= Regulatory translation =

Translation of medical regulatory documentation

Regulatory translation is the translation of documentation pertaining to the approval and compliance of medical devices, pharmaceuticals and in vitro diagnostics products. Many countries around the world, including Japan and the United States, require that approval dossiers for new products be submitted in local languages for the regulatory bodies to read and analyze. Similarly, any documentation associated with follow-up changes to approved products or reporting of field issues must be translated for countries that require it.

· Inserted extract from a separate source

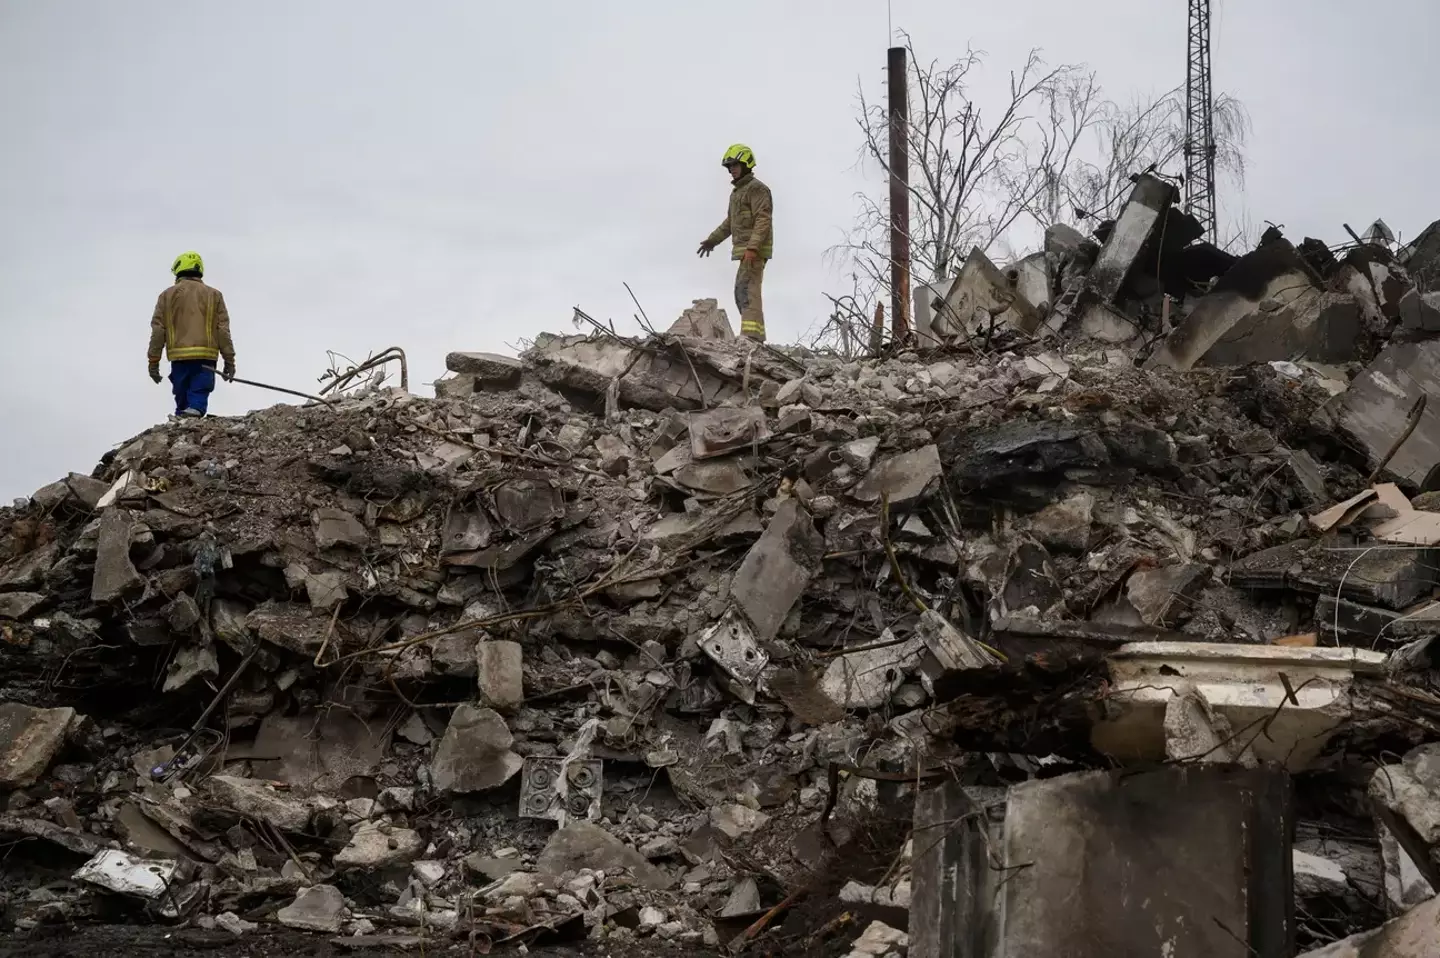 Workers on collapsed building in Ukraine.

Aside from linguistic skills, regulatory translation requires specific training and subject matter knowledge in order to translate medical and regulatory content. This is because of the highly technical, sensitive and regulated nature of medical texts as well as the strict adherence to terminology required for some countries. Regulatory translation also requires specific knowledge of the document templates required for different countries' dossier formats. Because approval dossiers are often composed of a variety of different document types, such as CAD drawings, spreadsheets, scanned patient signatures as well as word processed expository sections, the translation process can be more difficult than other types of medical translation.

==Examples of regulatory texts==
Some examples of the types of regulatory documents requiring translation include (but are not limited to):

- Manufacturing procedures for medical devices or drugs
- Design specifications and drawings
- Risk assessments
- CMC documentation
- Bio-compatibility reports
- Regulatory approval dossiers
- Clinical trial documentation – informed consent forms, case report forms, protocols
- Instructions for Use for drugs or medical devices

==Process==
Because regulatory translation is typically a multi-step process, it is usually carried out by a translation agency which oversees all project management and the linguistic team. Steps in the process can include:

- Extraction of text from source format
- Translation – the conversion of the source language text to the target language text
- Editing – reading and revision by a separate person to assure adherence to approved terminology and the proper style and voice.
- Publishing – the translation is put back into the original format (e.g., Word document, Web page, e-learning program)
- Proofreading – this ensures that the formatted translation displays correctly with no corrupted text, has proper punctuation and line and page breaks are correct.
- In-country review – a native-speaking expert reviews the translation.